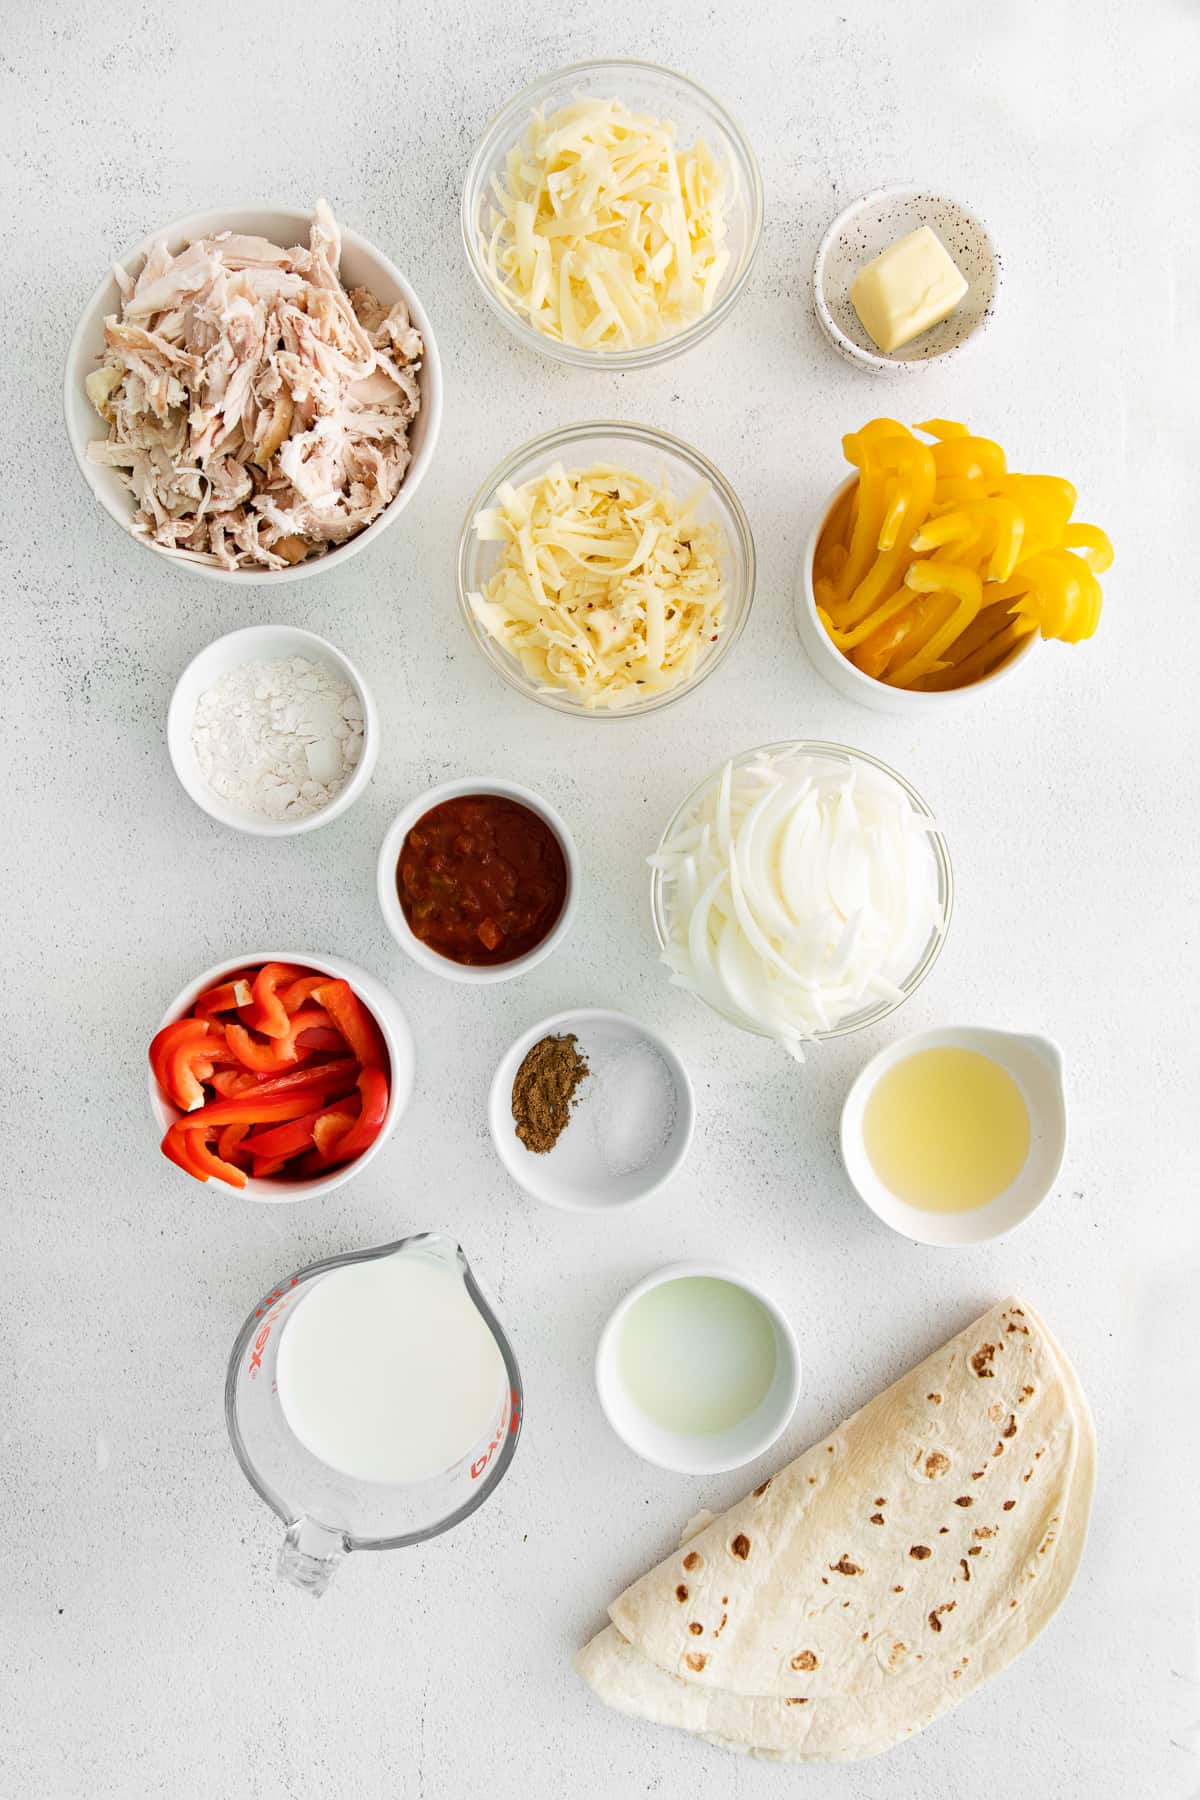 Ingredients for chicken quesadillas in bowls.
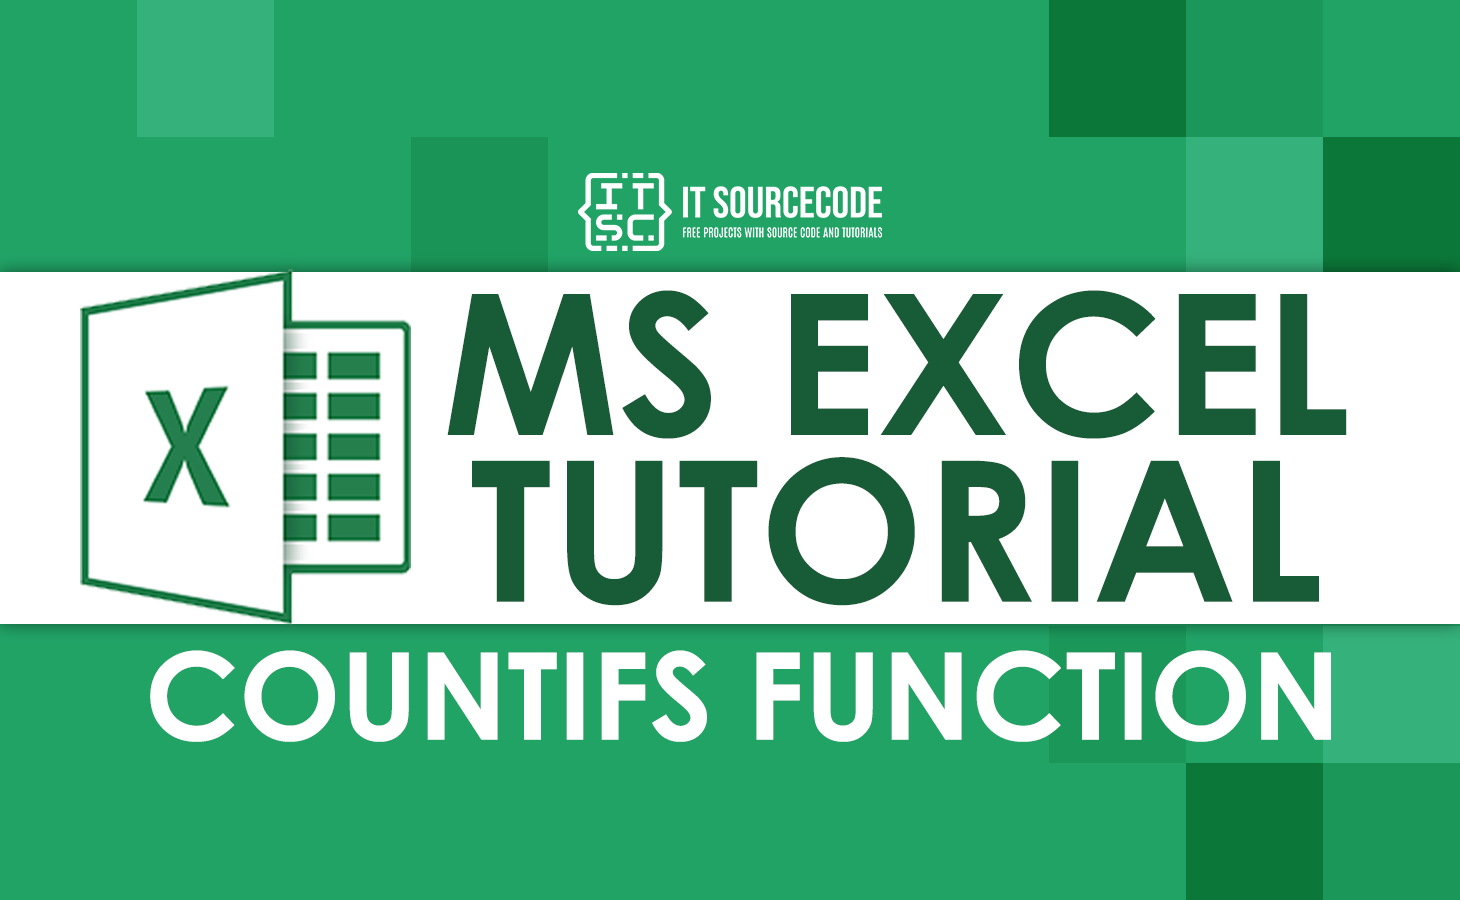 COUNTIFS FUNCTION
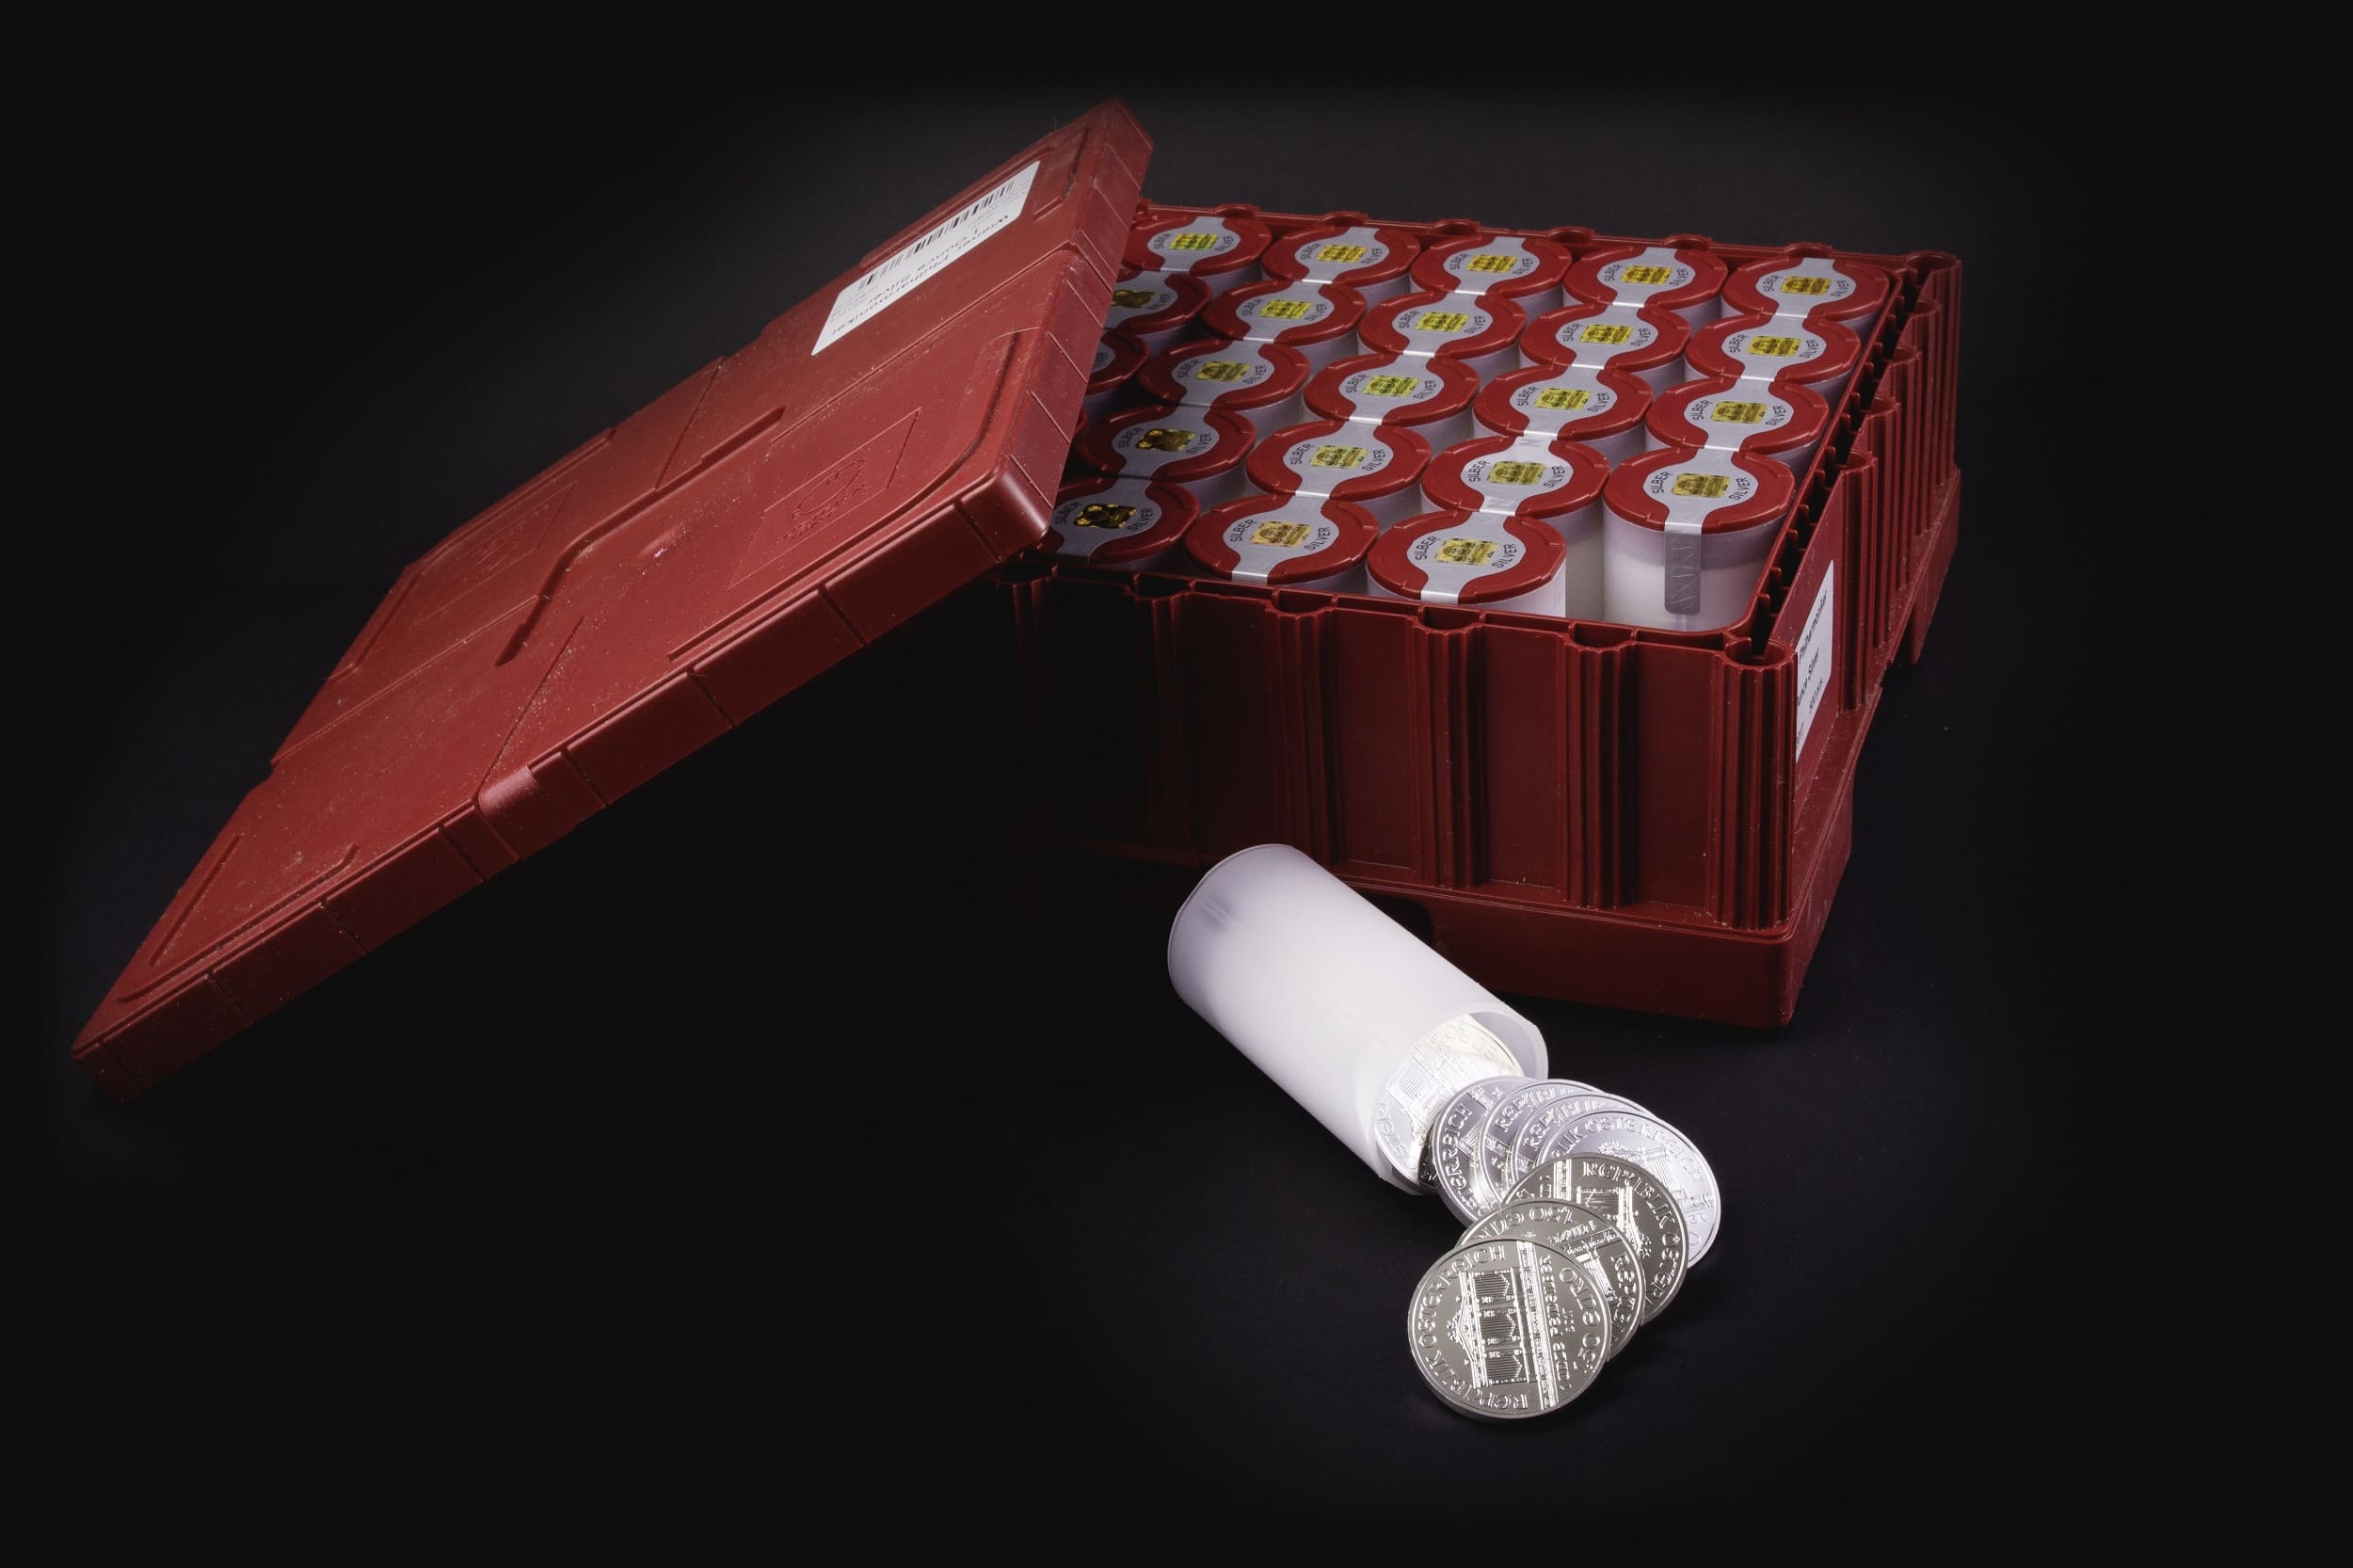 Master box containing Vienna Philharmonic tubes against a black background

Exercise: Images should not appear in the copy; retype the listing above exactly.

Answer box:
 Ingredients for chicken quesadillas in bowls.
 COUNTIFS FUNCTION
 Master box containing Vienna Philharmonic tubes against a black background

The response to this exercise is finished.